European coal prices rose as much as 3.6 percent, the most since Oct. 24, as Colombia’s second-biggest producer was ordered to stop loading ships at its Caribbean port until a conveyor-belt system replaces the current arrangement of barges and cranes. Drummond estimates its direct loading system will be in place by March.
“We know this is a very costly decision from a royalties point of view, but what’s at risk is the country’s environment,” Environment Minister Luz Sarmiento yesterday told reporters in the city of Santa Marta. “If they don’t do things properly, we’d prefer not to have this money, and they have to learn that Colombia must be respected.”
Colombia, which supplies about a quarter of Europe’s coal imports, introduced new rules Jan. 1 requiring producers to load coal directly onto ships.
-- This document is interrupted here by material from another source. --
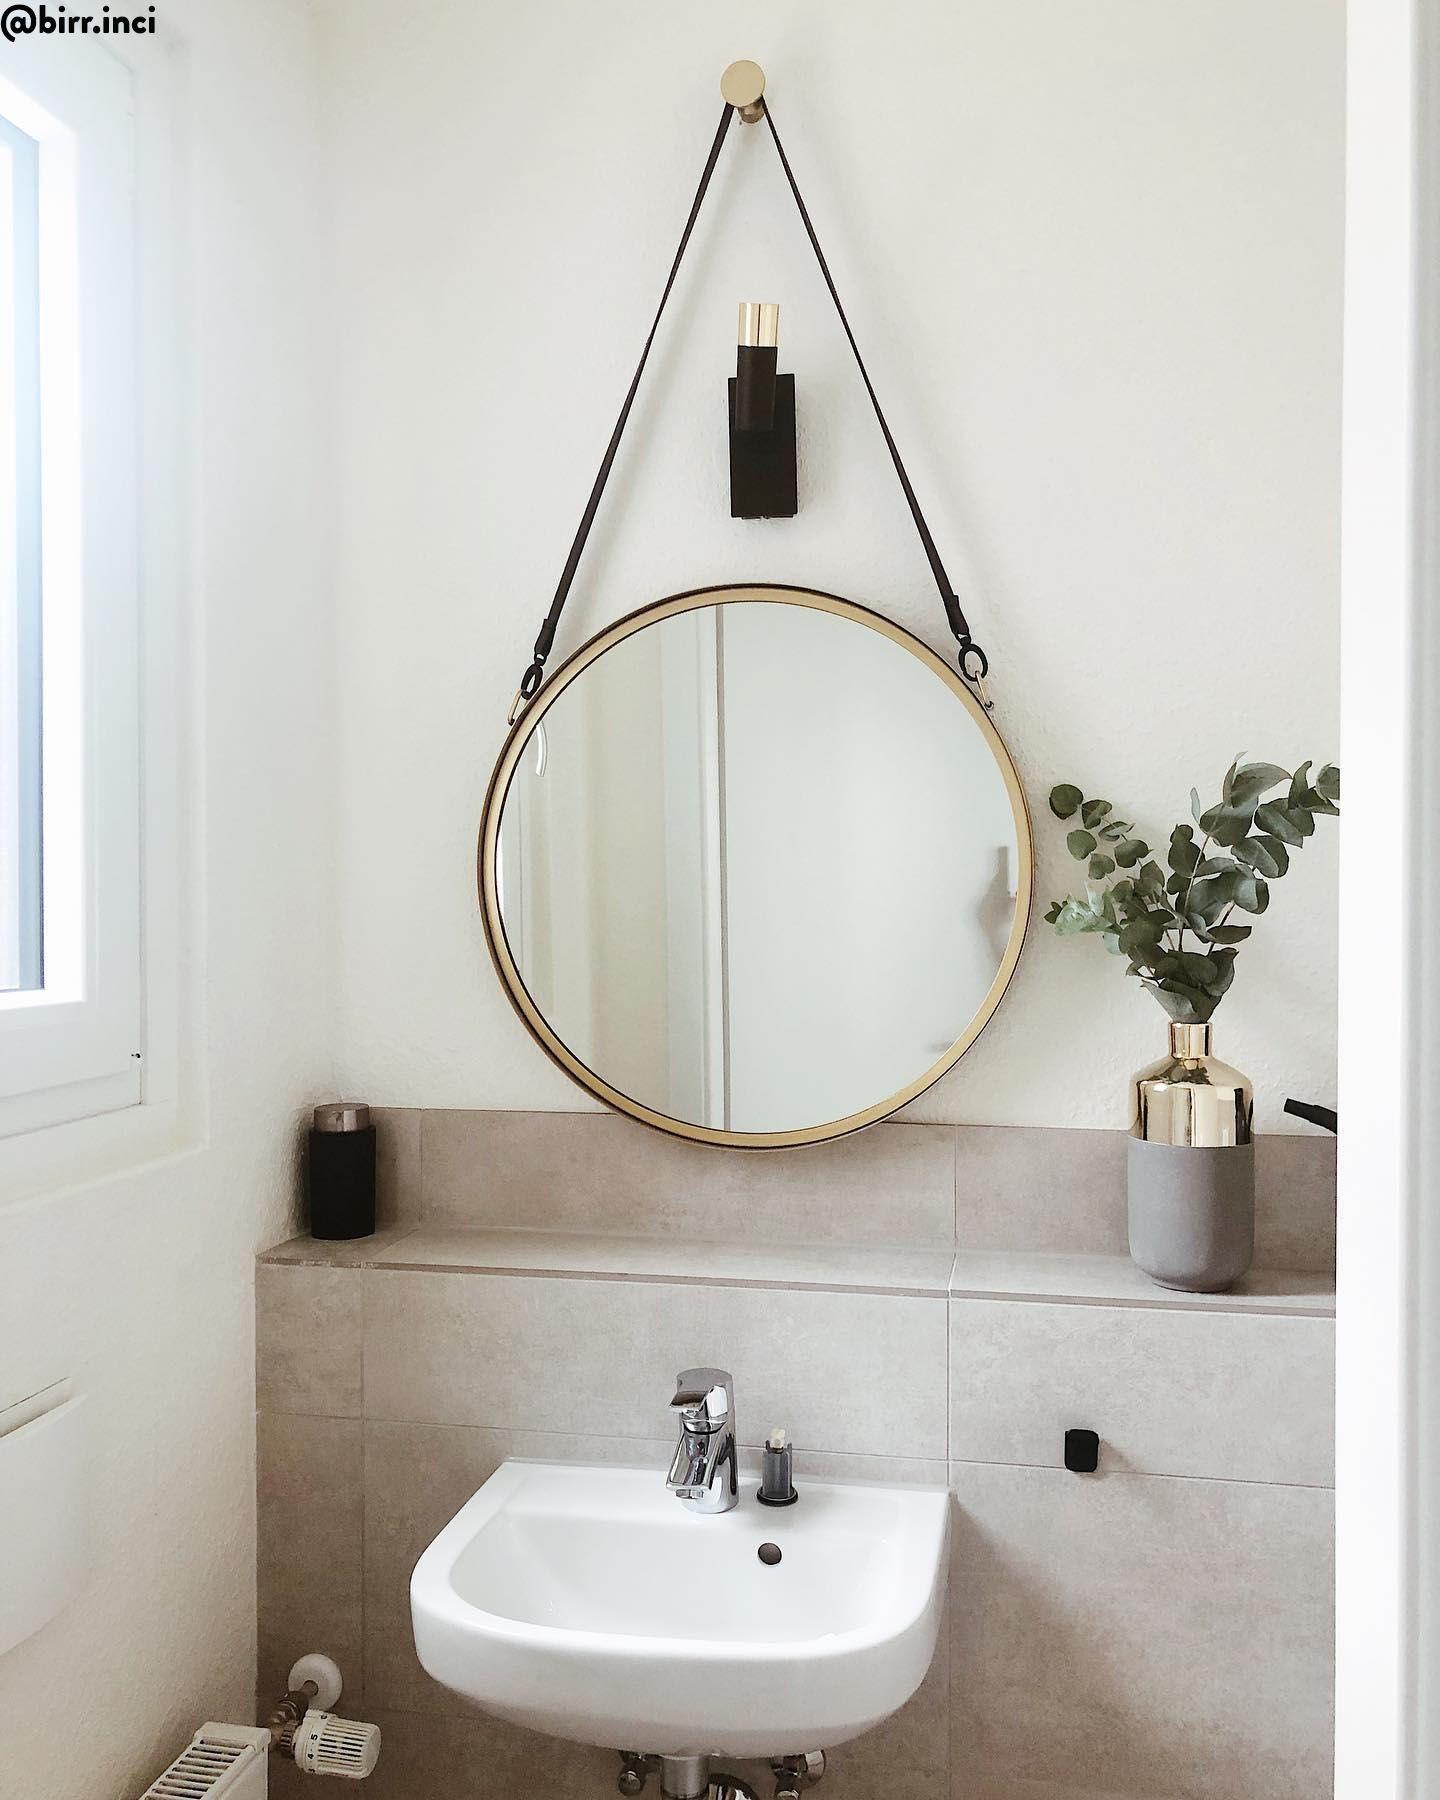 Get Ready With Style Der Wandspiegel Liz Passt Mit Seinem Runden Design Perfekt In Diese Einzigartige Schminkecke Ei Wandspiegel Wandspiegel Rund Badezimmer

Other producers of Colombian coal, including BHP Billiton Ltd. and Glencore Xstrata Plc, met the deadline, while Drummond continued to load by barge this month.
If Drummond can’t export for two months, lost shipments may be as high as 4 million metric tons, or about 15 percent of the company’s deliveries from the nation last year, according to Paolo Coghe, an analyst at Societe Generale SA in Paris.
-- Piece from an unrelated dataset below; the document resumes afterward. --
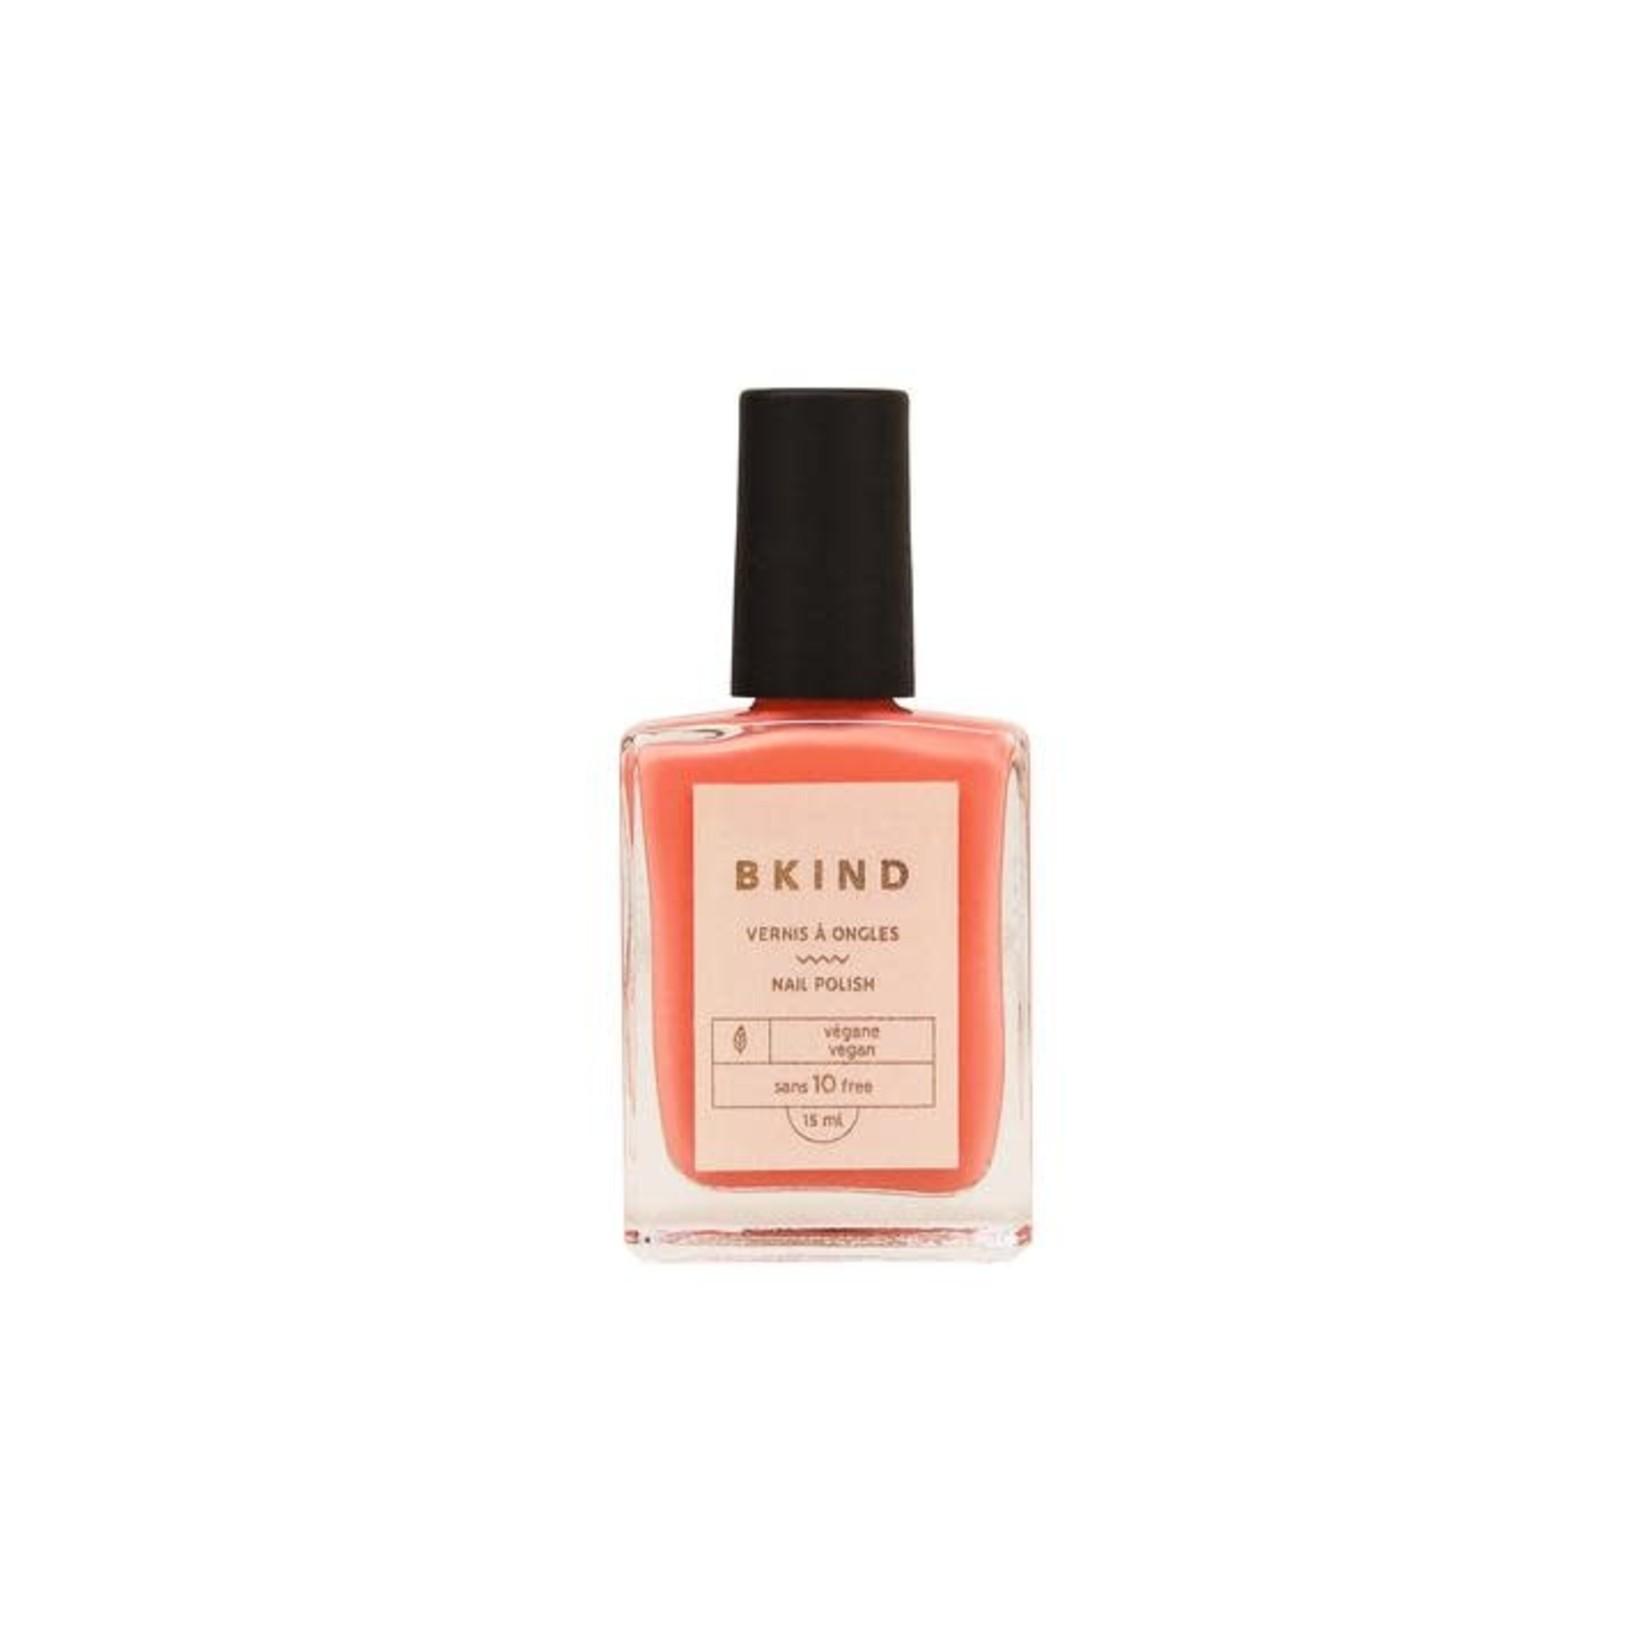 BKIND BKIND - Vernis à ongles / Bellini

Logistical obstacles will prevent Drummond from exporting coal through other Colombian ports, Mines and Energy Minister Amylkar Acosta said in a telephone interview from Bogota. Drummond has the capacity to store about 1 1/2 months of its output, Acosta said.
“Once this storage is full, they’ll have to halt production,” he said.
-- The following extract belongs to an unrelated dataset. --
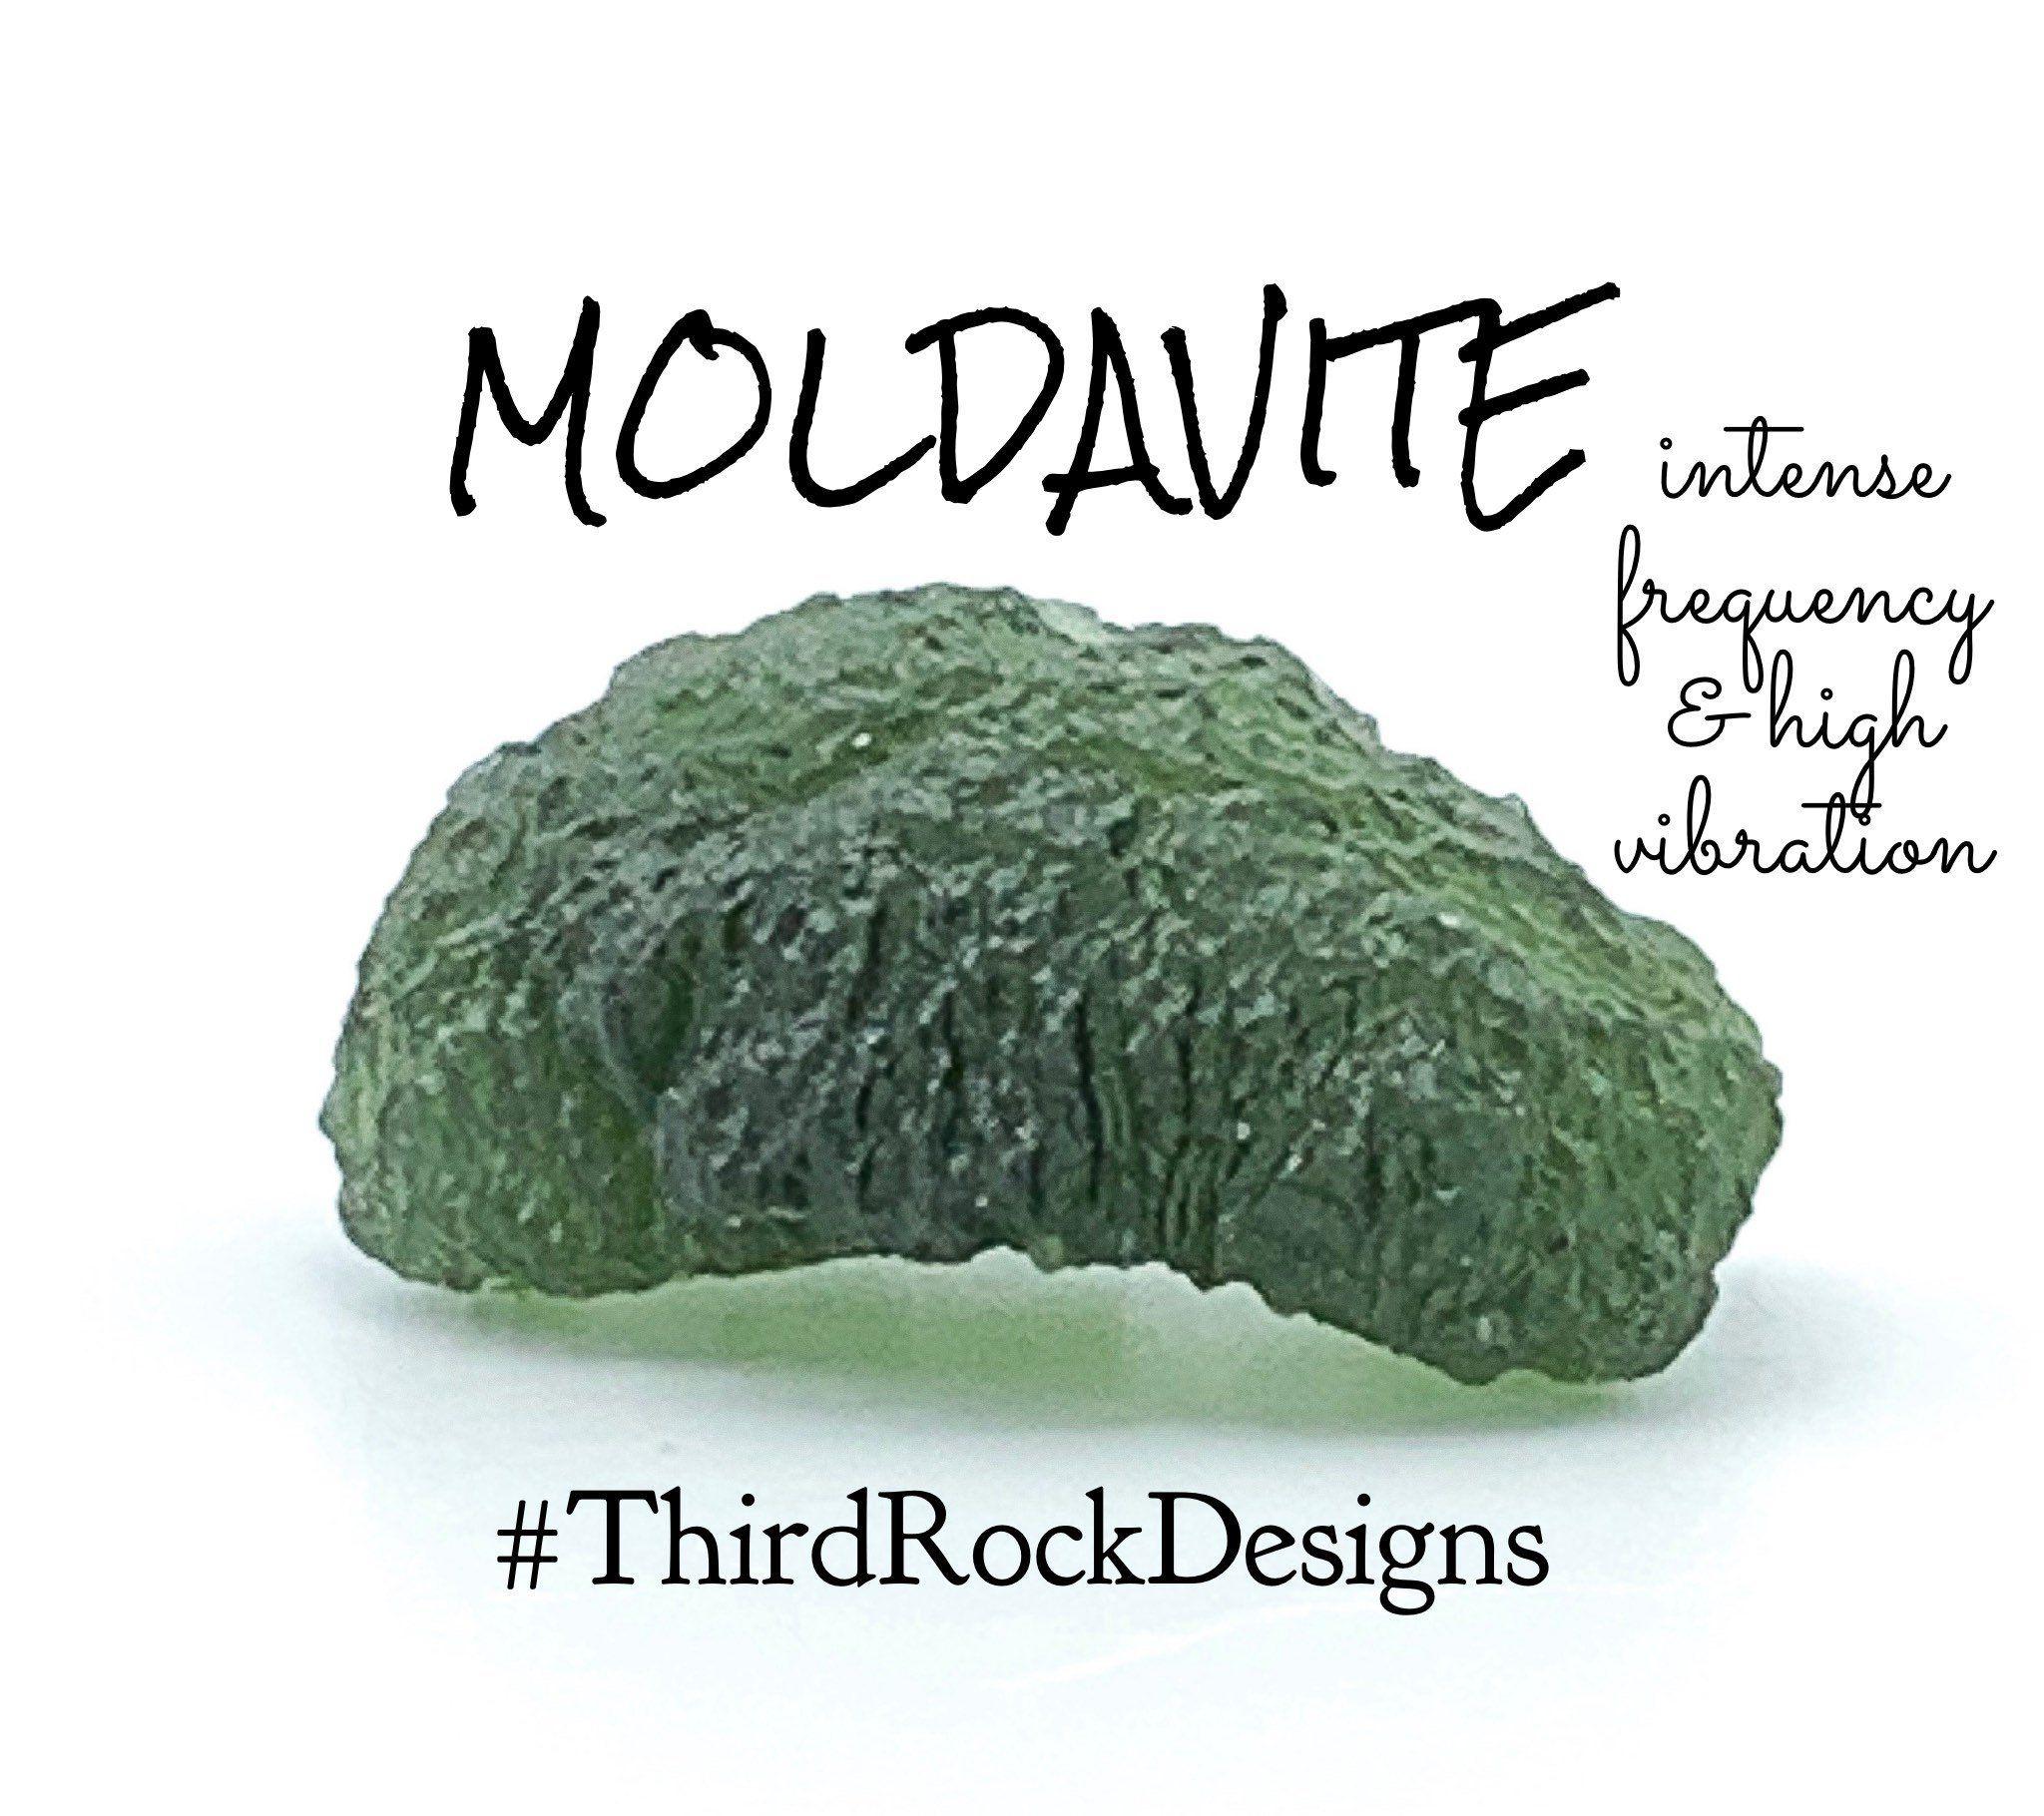 AAA Moldavite, Healing Crystals and Stones, Tektite

Drummond will be allowed to load coal it has in barges right now onto ships, a process which should take three or four days to complete, Sarmiento said.
Drummond didn’t reply to a voicemail seeking comment after the port ban was announced. The Birmingham, Alabama-based company’s press office didn’t return phone calls prior to the announcement. EDF declined to comment in an e-mailed response to questions.
European coal for next-month delivery rose as much as $2.95 to $84.45 a ton, according to broker data compiled by Bloomberg. It closed at $83.50 today in London.
“While the minister’s statement was a stark reminder that the Colombian government is in the driving seat, and has put safeguarding the environment ahead of exacting royalties, for the time being Drummond is allowed to continue to load coal exports and pay a fine,” Coghe said today be e-mail. “All in all the price/volume impact will be limited both in time and magnitude.”
Colombian President Juan Manuel Santos, who’s bidding for a second term in office in May elections, sent Sarmiento to Santa Marta to investigate Drummond’s loading operation.
Colombian authorities fined Drummond $3.6 million last year after a sinking barge dumped about 500 tons of coal into the Caribbean. The company will face another fine for violating the new rules this month, Sarmiento said.
Drummond’s failure to meet new ship-loading rules has drawn criticism from lawyers and activists. The shipping suspension follows a 53-day miners’ strike over pay last year that prompted coal prices to soar in Europe.
A further halt in exports “would be supportive of prices because it will take supply out,” Trevor Sikorski, the head of natural gas, coal and carbon at Energy Aspects Ltd., a consulting company in London, said by phone.
Drummond exports about 80,000 tons of coal a day, according to Hugo du Mez, a business developer for dry-bulk shipments at Port of Rotterdam Authority, Europe’s largest receiving facility.
“It is just hard to imagine they will really be closed for three months,” he said. “So in worst case scenario impact could be as high as some 7 million tons of lost exports.”
Colombia is the biggest supplier of coal to Europe after Russia, according to the latest data from Euracoal, the industry group. In past months, coal prices in Europe have been damped by a global oversupply. The surplus will swell by 20 percent to 6 million tons this year, according to Credit Suisse Group AG.
Colombia’s top producer Cerrejon, jointly owned by BHP, Glencore and Anglo American Plc, has completed its system for direct loading of coal.